We’ll be shipping a fix soon to supported cP versions that configures our standalone OpenSSL verifications always to ignore extra intermediates. This will allow us to install that extra intermediate again, which will restore compatibility with old Android devices that may not have the new LE root (and don’t care about the expiration of DST Root CA X3).

Hello,
Can you please be more specific for "We’ll be shipping a fix soon".
You have any timeline when this problem will be fixed and all Android issues been correct?

Thank you.

 

[cPRex]

@[email protected] - I don't have any timelines at this point. I'll be sure to update this thread when I get them.

 

[jorbox]

@[email protected] - I don't have any timelines at this point. I'll be sure to update this thread when I get them.

Can you please check it,

days are passing and we lose a lot of customers

 

[cPanelAnthony]

@jorbox I just checked in and am also not seeing a timeline as Rex reported. I apologize for any inconvenience and thank you for your patience.

 

[cPRex]

At this point I know we weren't able to get to it in the next v98 release coming out. However, we're hoping it will get to the one after that. I'll be sure to post once I get more details.

 

[jandafields]

Can you please check it,

days are passing and we lose a lot of customers

Why don't you simply switch the AutoSSL provider to cPanel instead of LetsEncrypt? That's about a 5 minute job and your customers should all be happy again.

 

[monarobase]

Switching to cPanel causes issues for customers who have created a CAA record to only allow let’s Encrypt and will also cause problems for customers who require wildcard certificates.

 

[jorbox]

Why don't you simply switch the AutoSSL provider to cPanel instead of LetsEncrypt? That's about a 5 minute job and your customers should all be happy again.

Thank you but Sub domains, wildcard are not enabled with cPanel being an AutoSSL provider, even mail.domain.com, a lot of customers will have problems with their websites, its less than a 5 minute job but it will make hours of problems, my customers wont be happy they may kill me instead.

 

[spikey221]

I was wondering if there is any way to resolve this for those still on Centos 6? I've recently purchased a business that has about 130 Wordpress sites on a Centos 6 server running cPanel 86.0.40. I've run the steps here RHEL/CentOS 6 OpenSSL client compatibility after DST Root CA X3 expiration to get a newer version of openssl and updated certificates installed but I suspect this isn't the problem here from reading the post-mortem.

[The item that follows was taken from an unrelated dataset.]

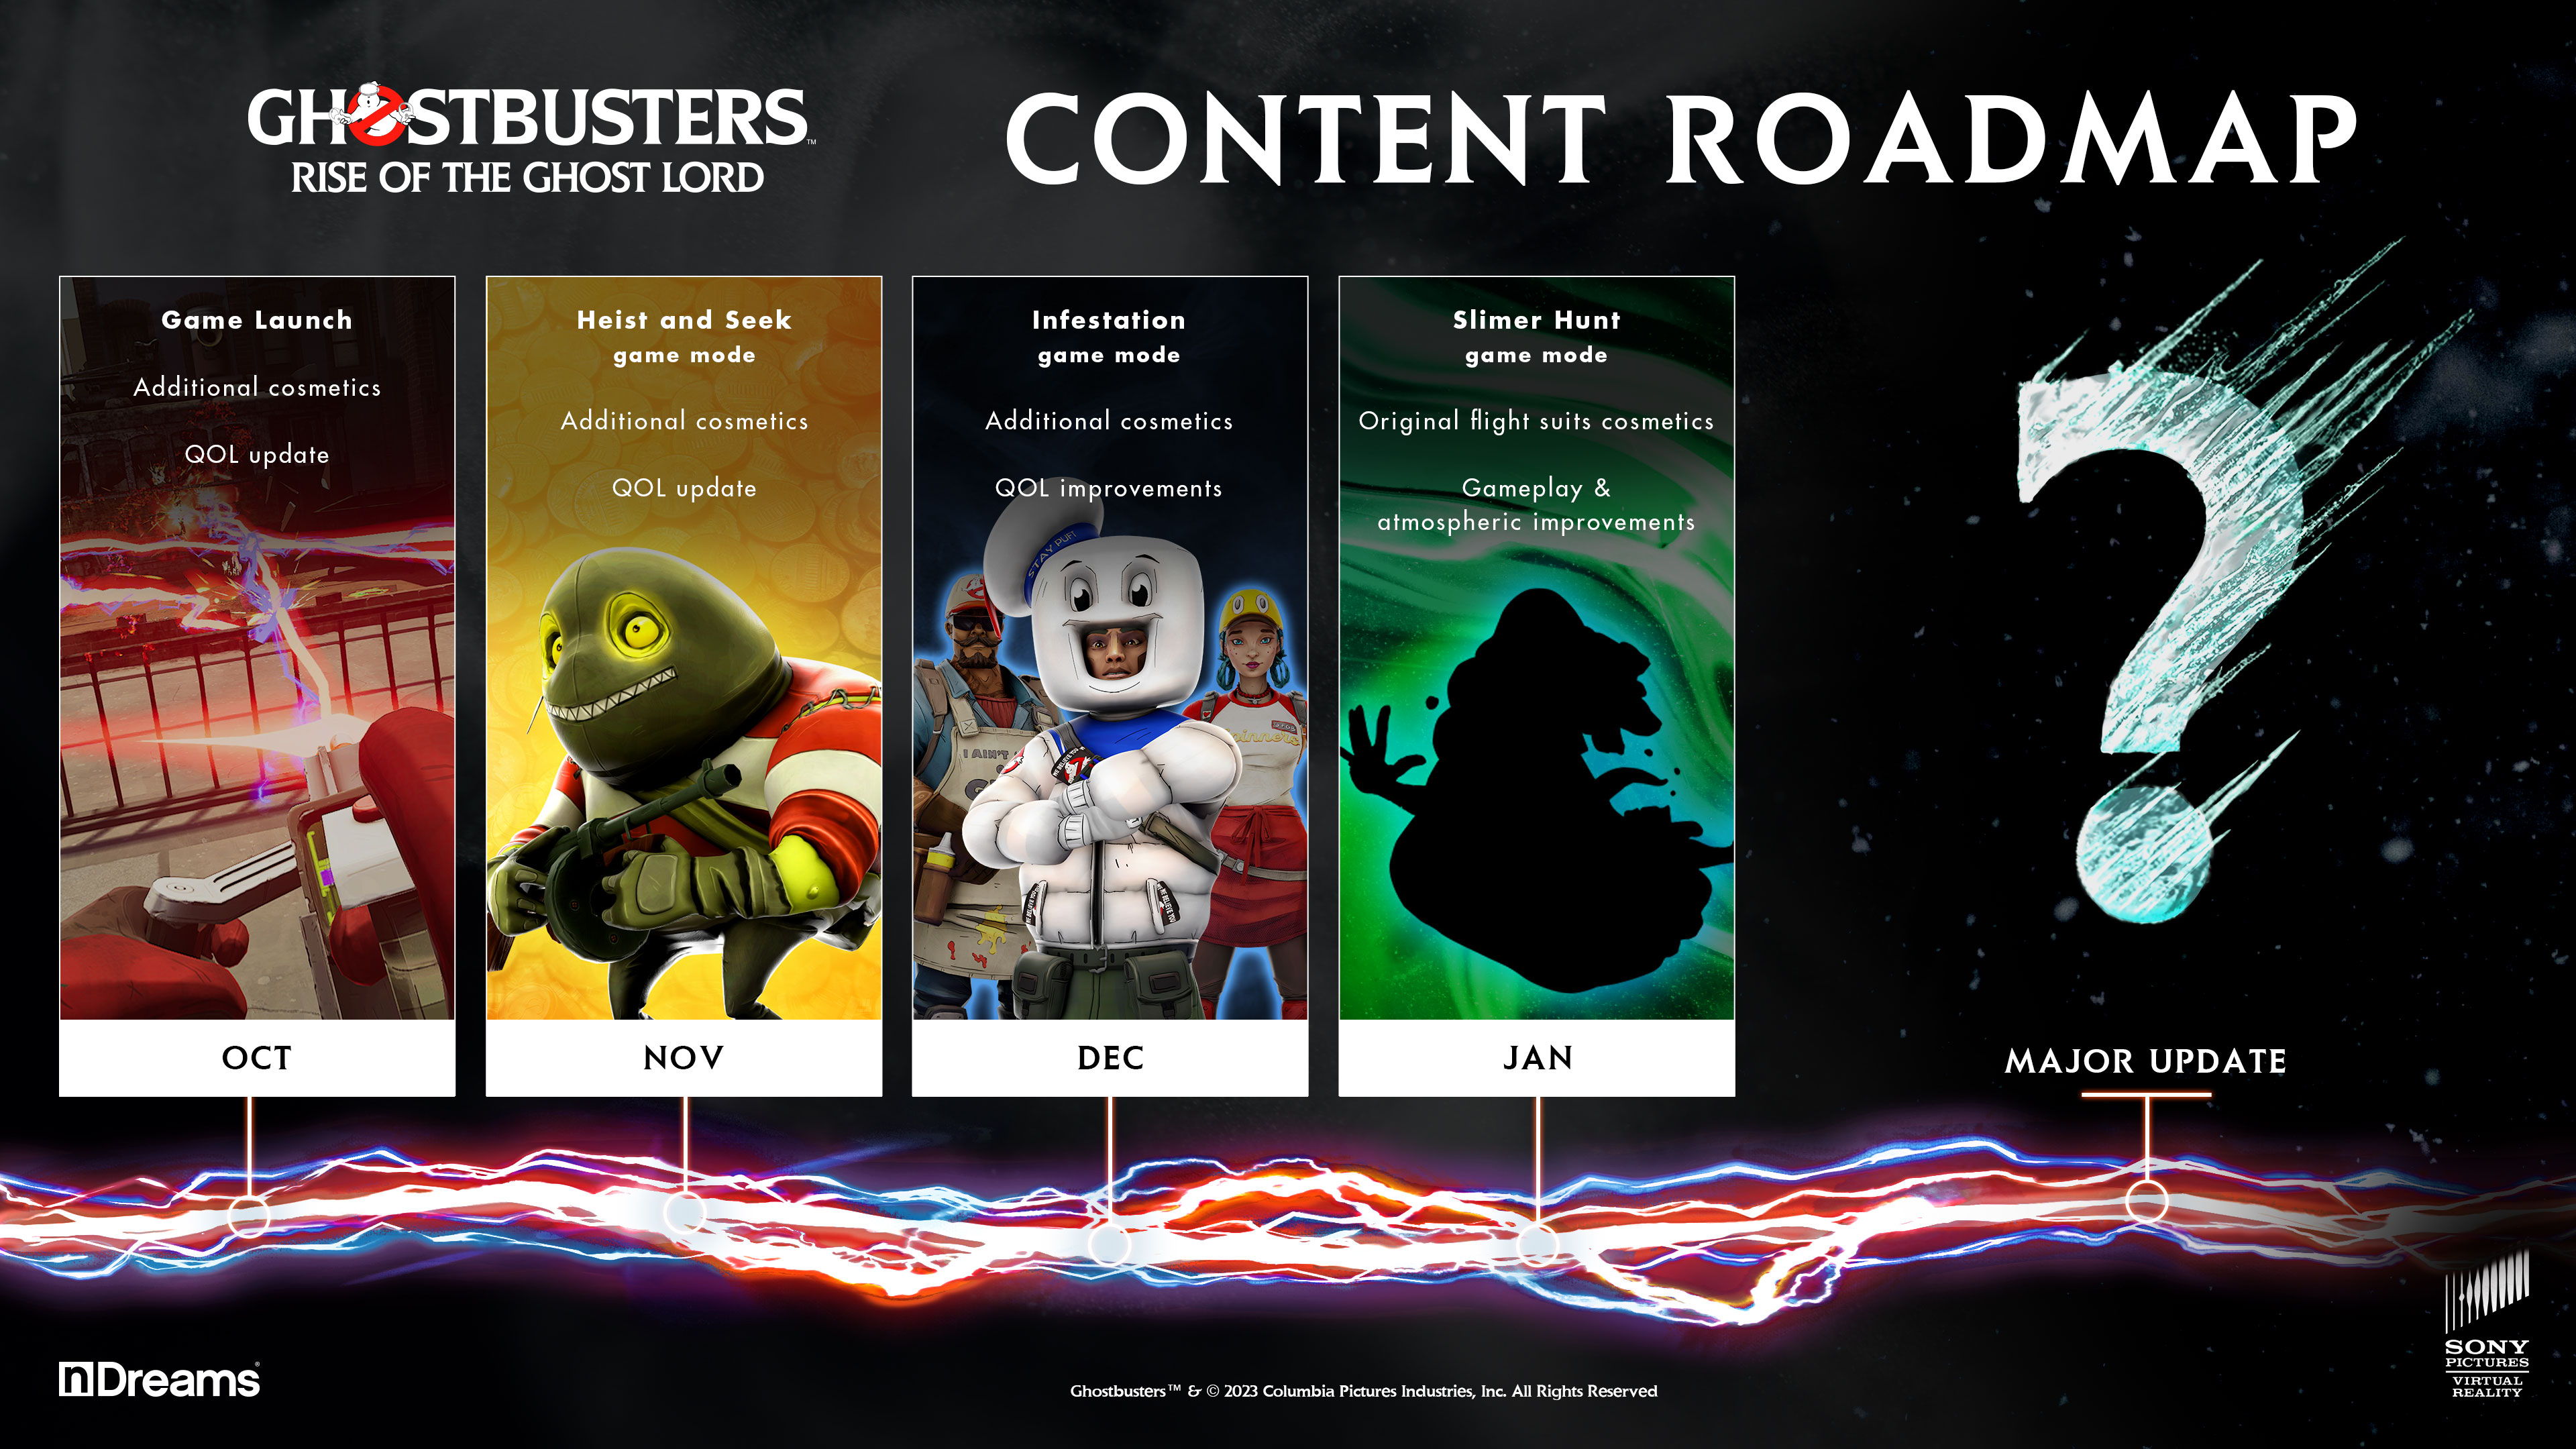 Ghostbusters: Rise of the Ghost Lord - Expanded Roadmap
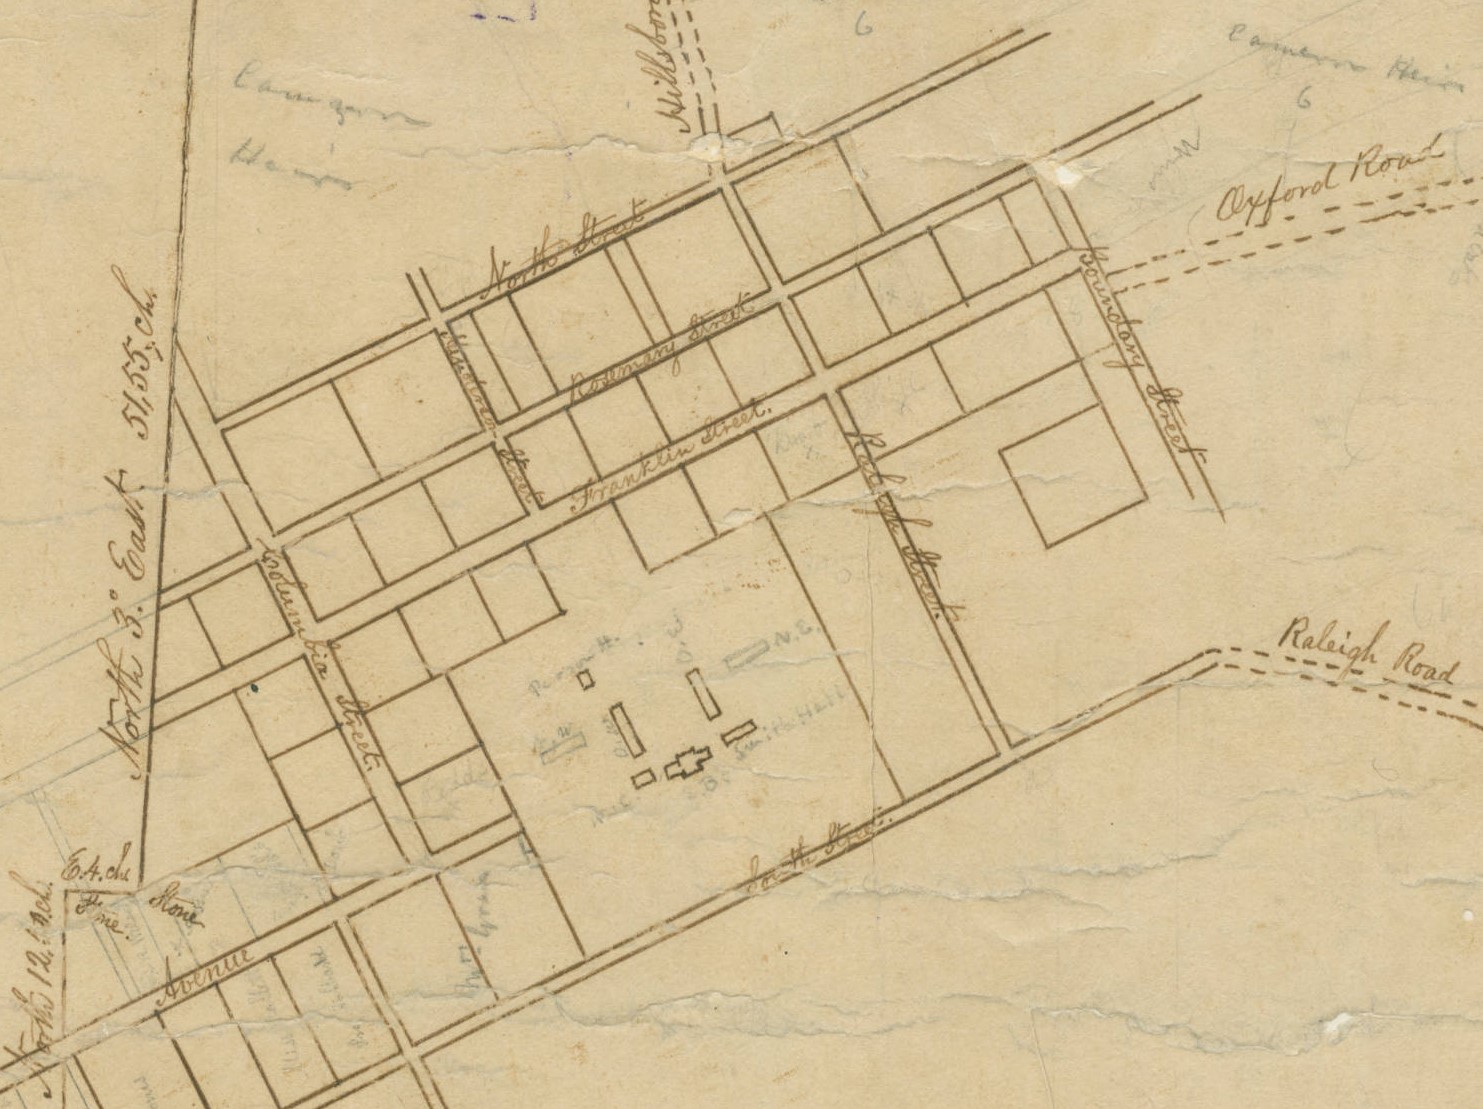 Hand-drawn map of Chapel Hill buildings and UNC depicts 1852 but was drawn in 1880.

I full understand that I need to get these sites off this server but that takes time so in the meantime is there a way we can manually patch autossl so that it doesn't spam Let's Encrypt for new certificates? as this is also causing issues when trying to migrate sites to a new server when we're unable to issue a certificate on that server due to rate limiting!

 

[ciao70]

At this point I know we weren't able to get to it in the next v98 release coming out. However, we're hoping it will get to the one after that. I'll be sure to post once I get more details.

v100 release is out

You have news?

Thanks

 

[cPanelAnthony]

Hello! I will check on this with our team when they are in tomorrow and update this thread.